[[ Dataset section open ]]
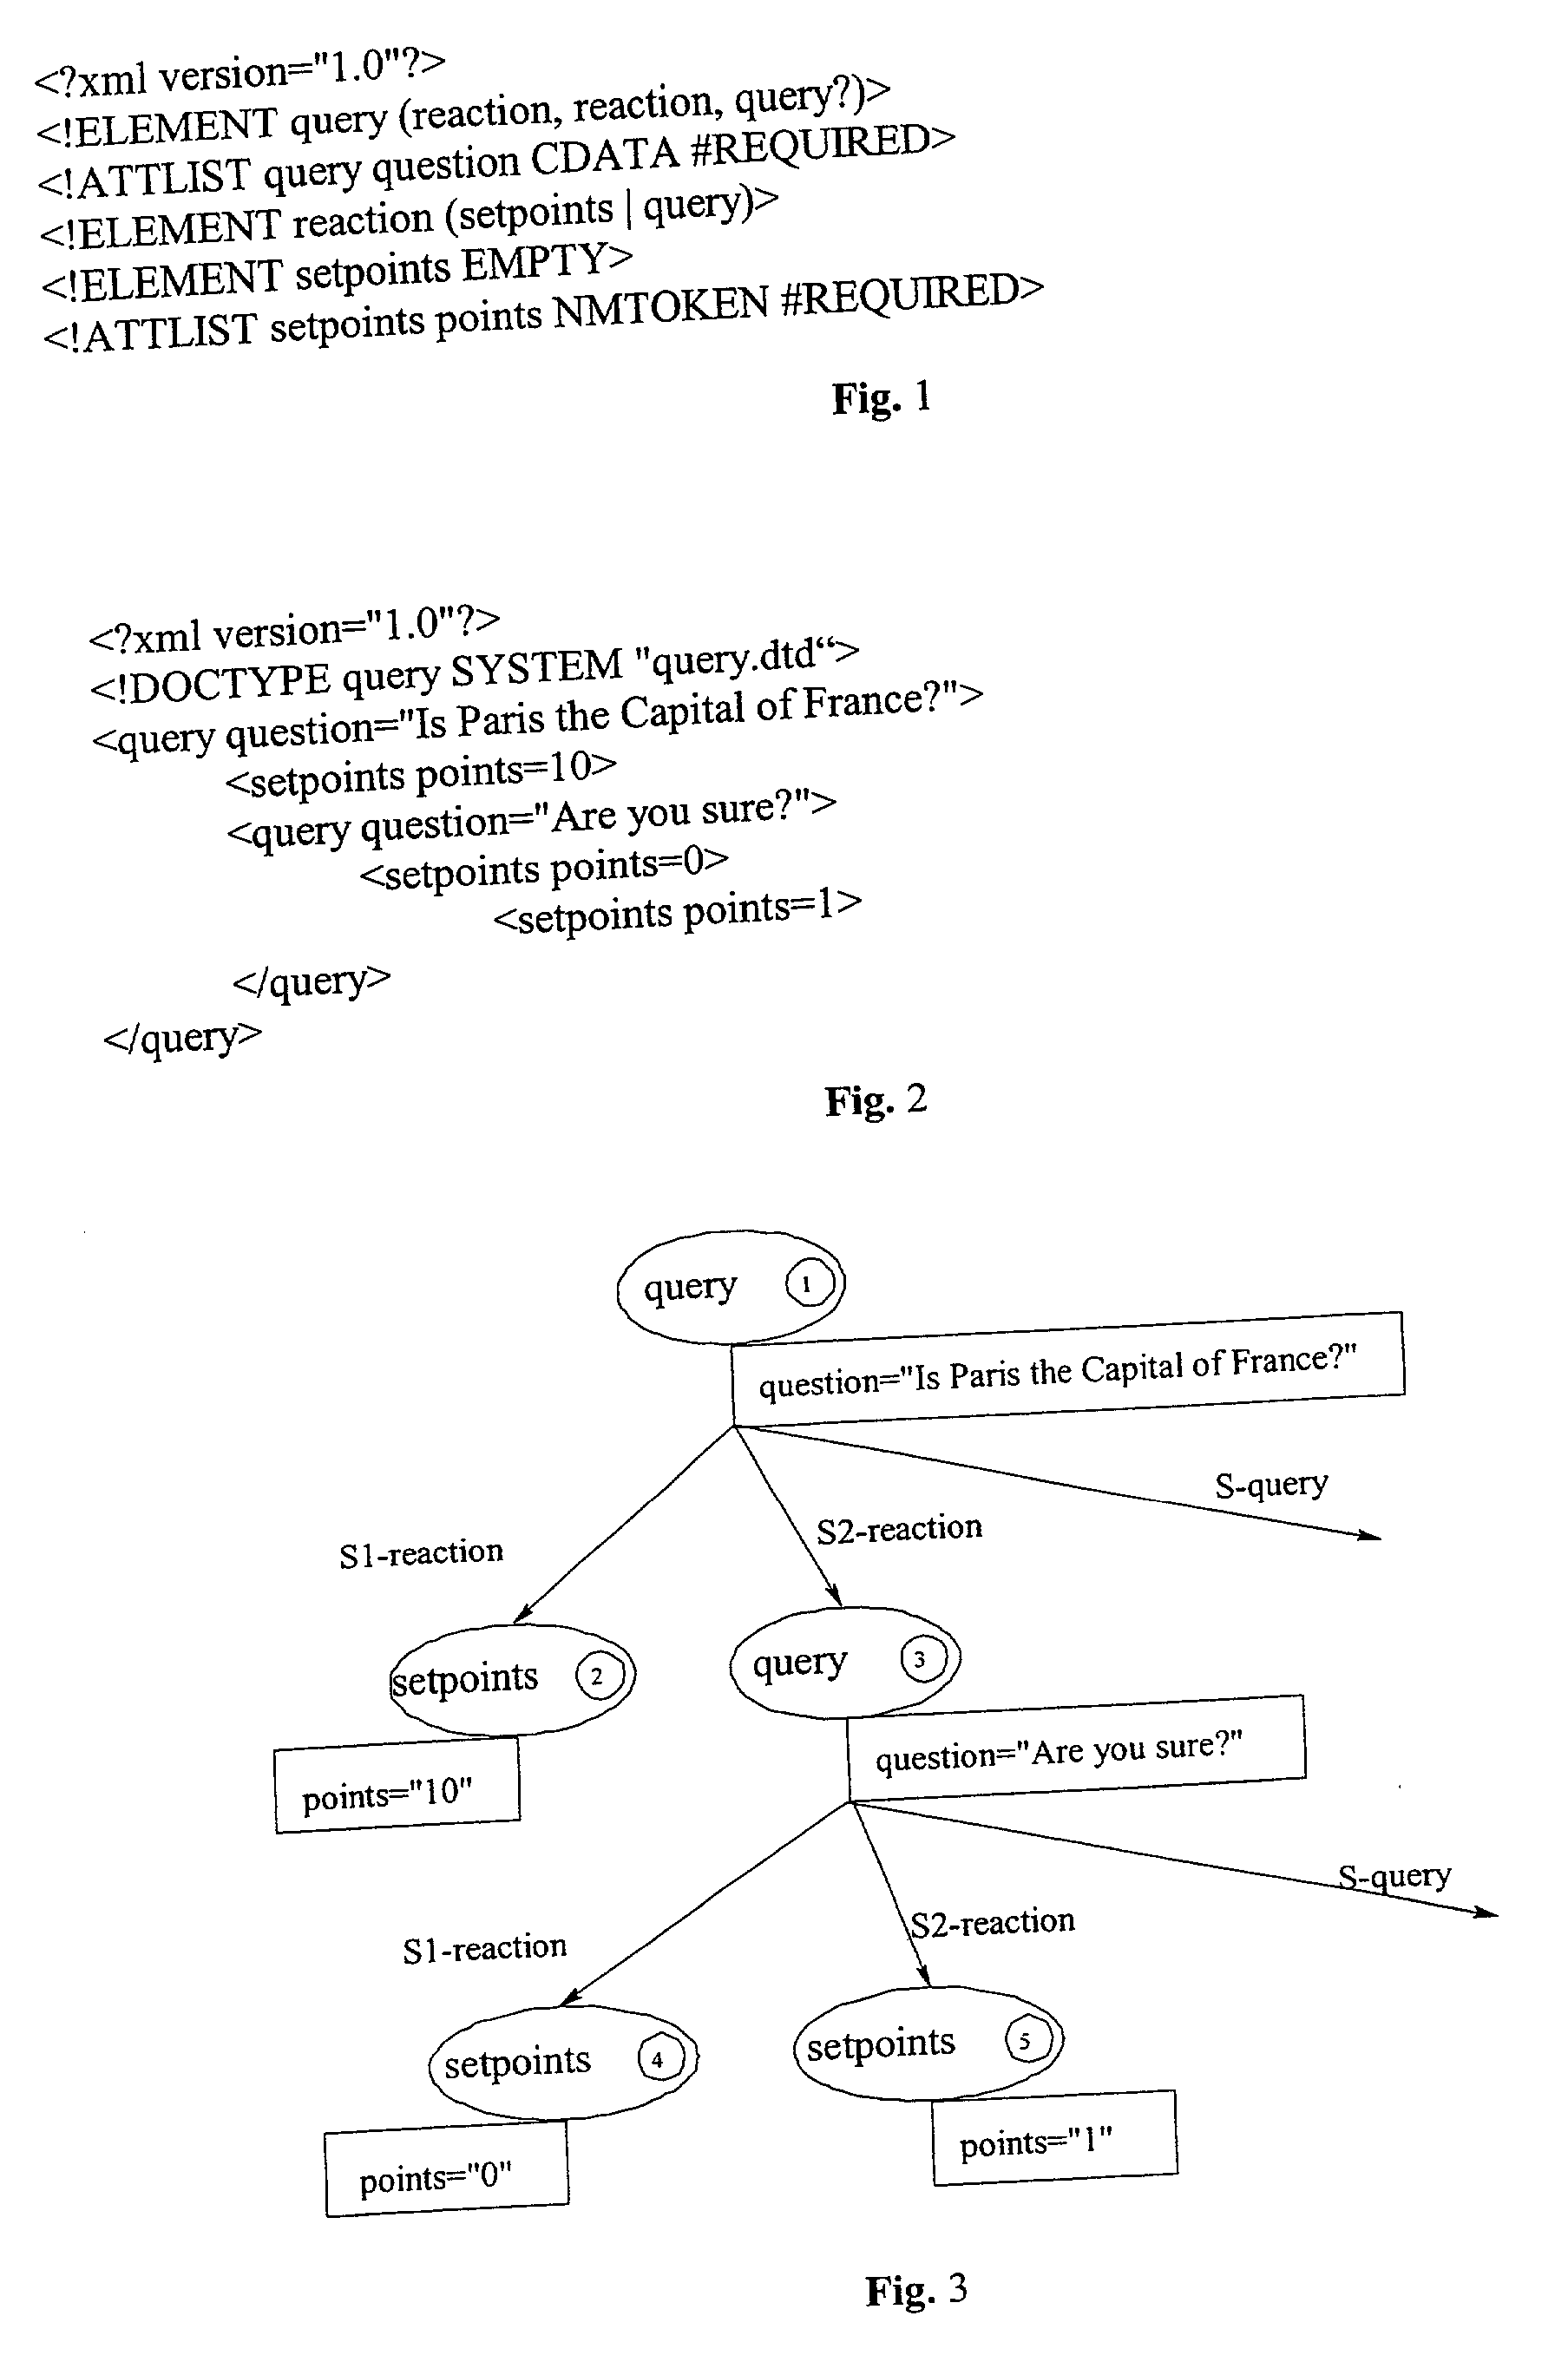 Methods and systems for direct execution of XML documents
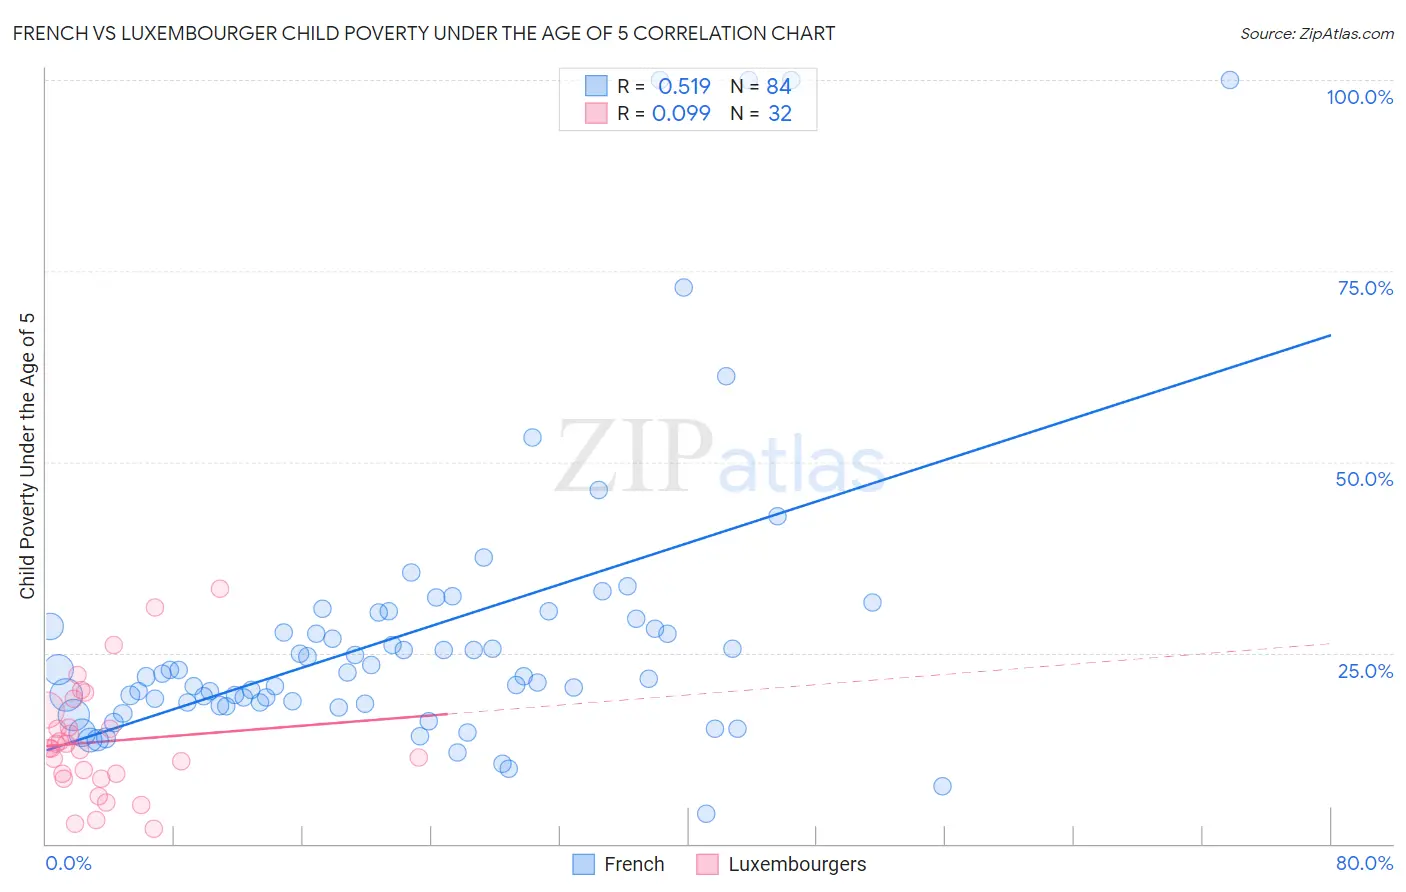 French vs Luxembourger Child Poverty Under the Age of 5
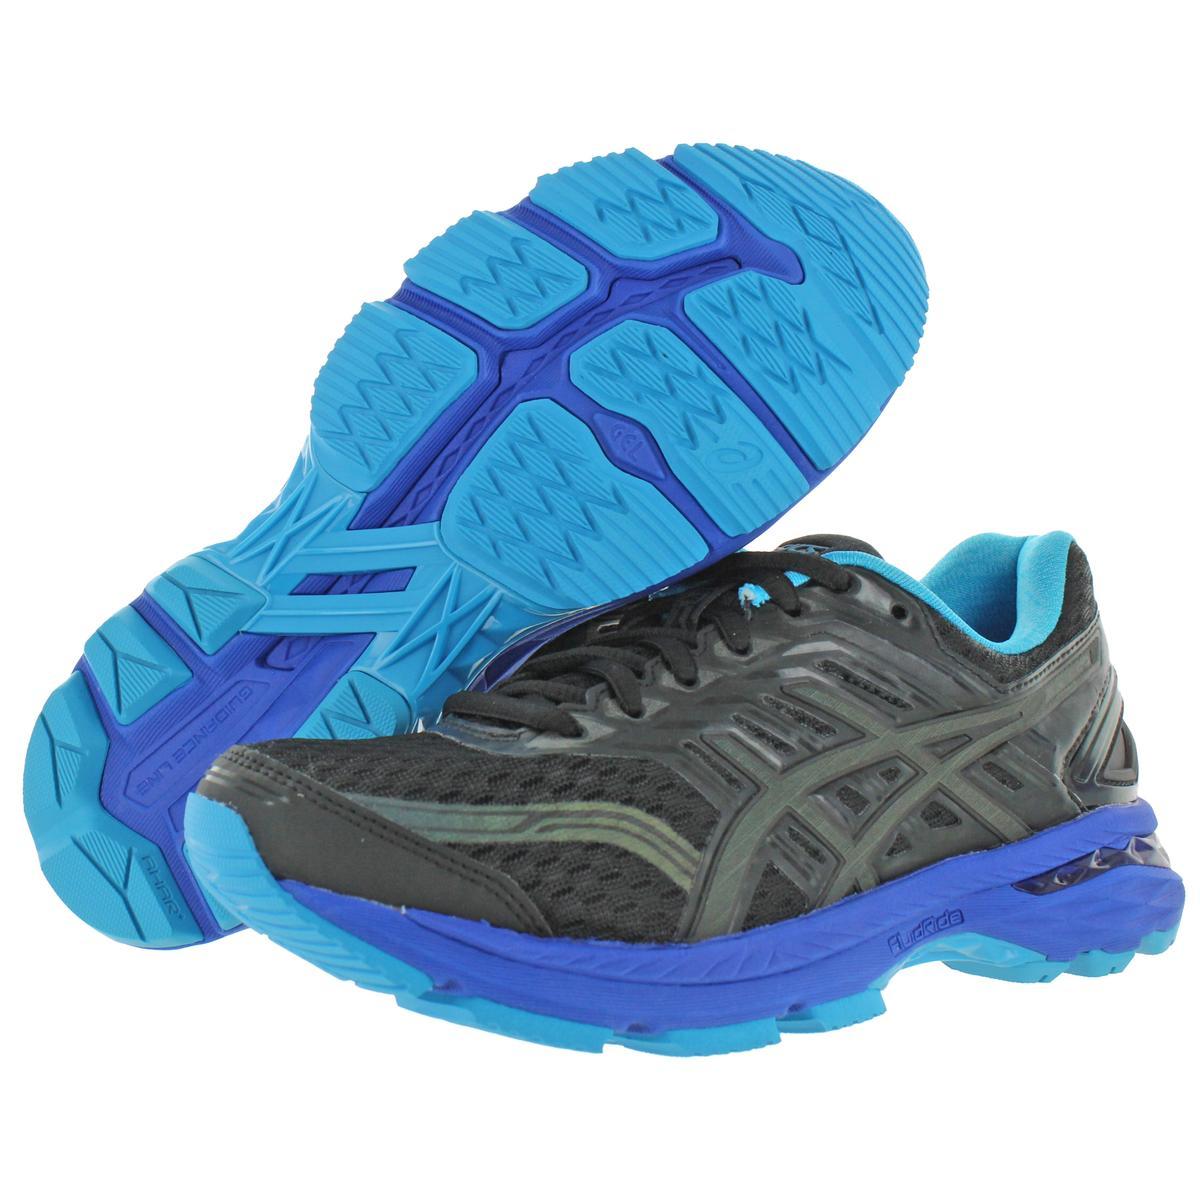 Asics Gt-2000 5 Lite-show Fitness Workout Running Shoes in Blue | Lyst
[[ Dataset section closed ]]
**Activity:** The whole listing must be restated word for word. Leave out any pictures.

**Solution to this task:**
 Methods and systems for direct execution of XML documents
 French vs Luxembourger Child Poverty Under the Age of 5
 Asics Gt-2000 5 Lite-show Fitness Workout Running Shoes in Blue | Lyst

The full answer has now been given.